PROBLEM TO SOLVE → Aim for an exact copy of the listing, without any images.

DATA →
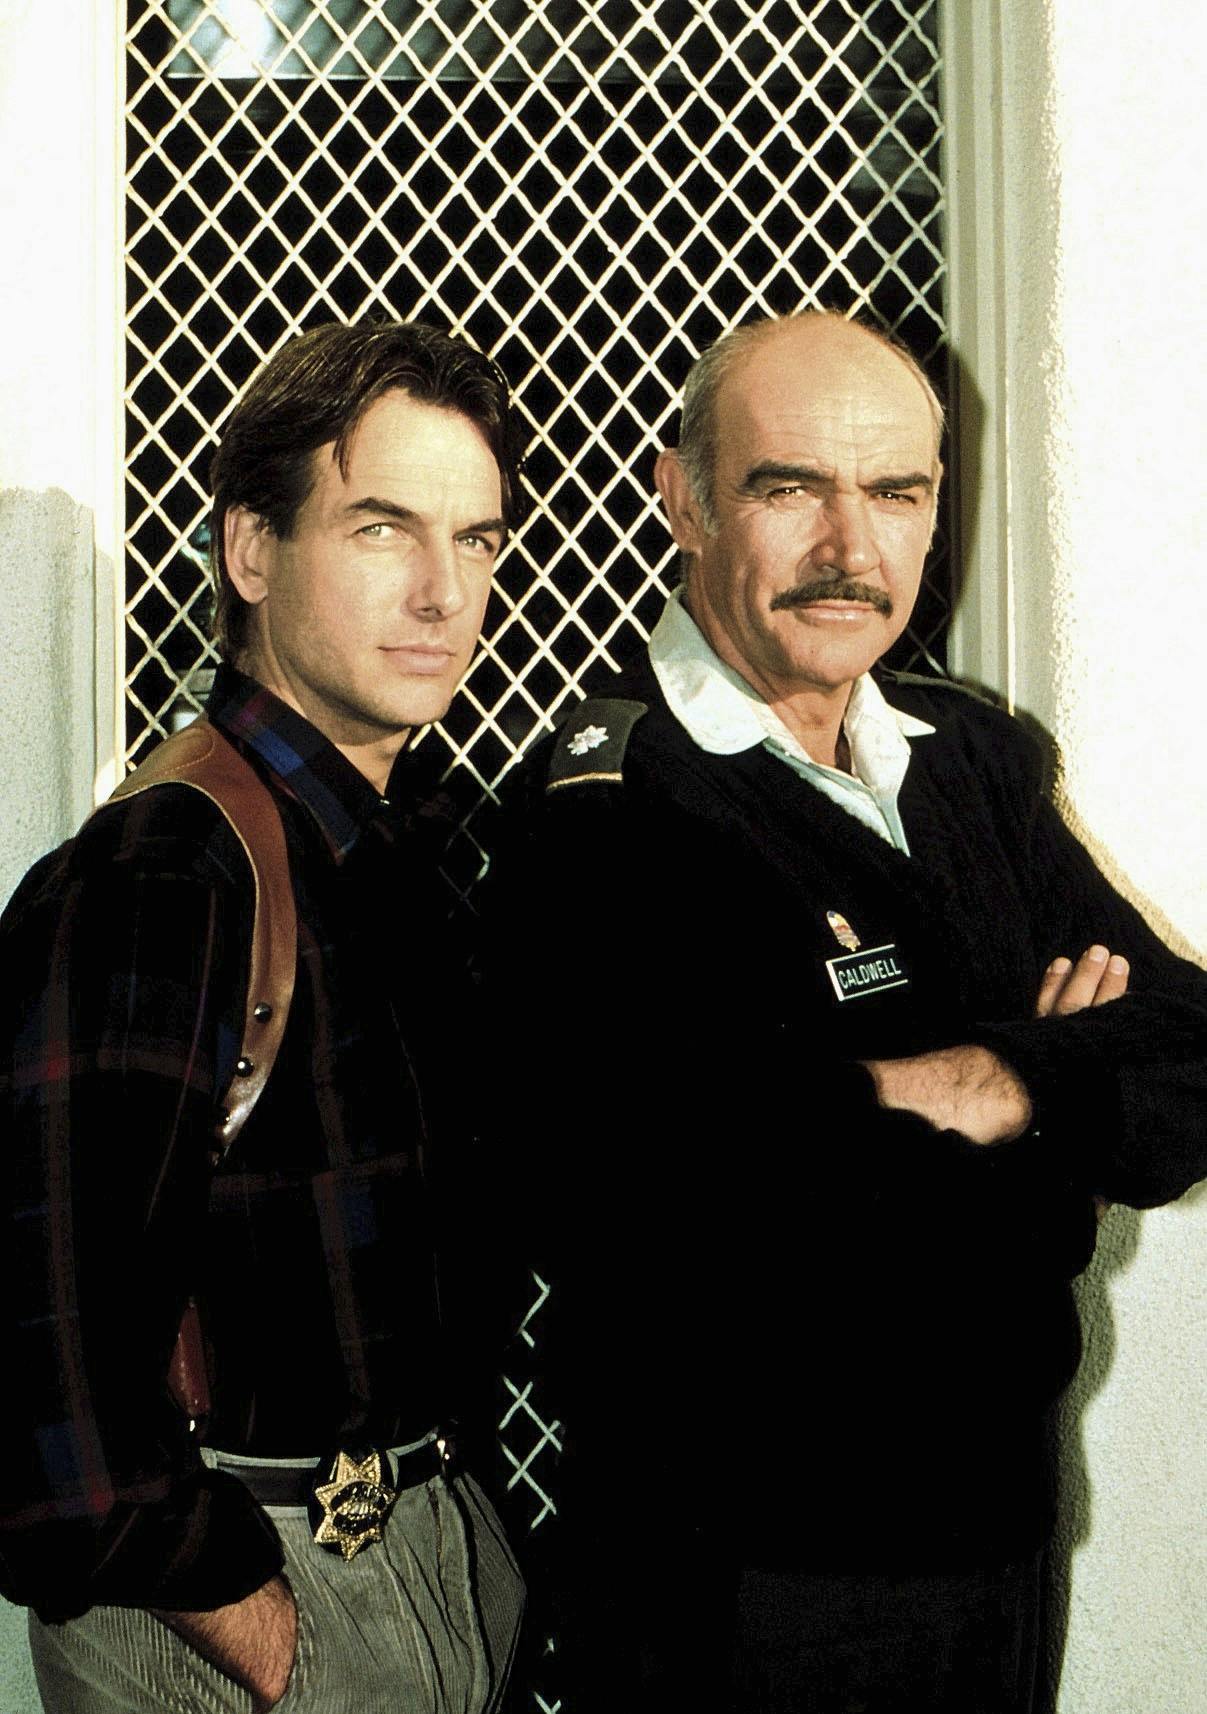 1986 &amp; 1989

Lad os præsentere to hotte fyre anno slut-80’erne: Mark Harmon, 71, og Sean Connery, som i 1988 begge medvirkede i filmen “The Presidio” – og de to har også begge løbet med den kåde kåring i hhv. ‘86 og ‘89.

Sean Connery døde 90

OUTPUT FOR THIS TASK →
 1986 &amp; 1989

Lad os præsentere to hotte fyre anno slut-80’erne: Mark Harmon, 71, og Sean Connery, som i 1988 begge medvirkede i filmen “The Presidio” – og de to har også begge løbet med den kåde kåring i hhv. ‘86 og ‘89.

Sean Connery døde 90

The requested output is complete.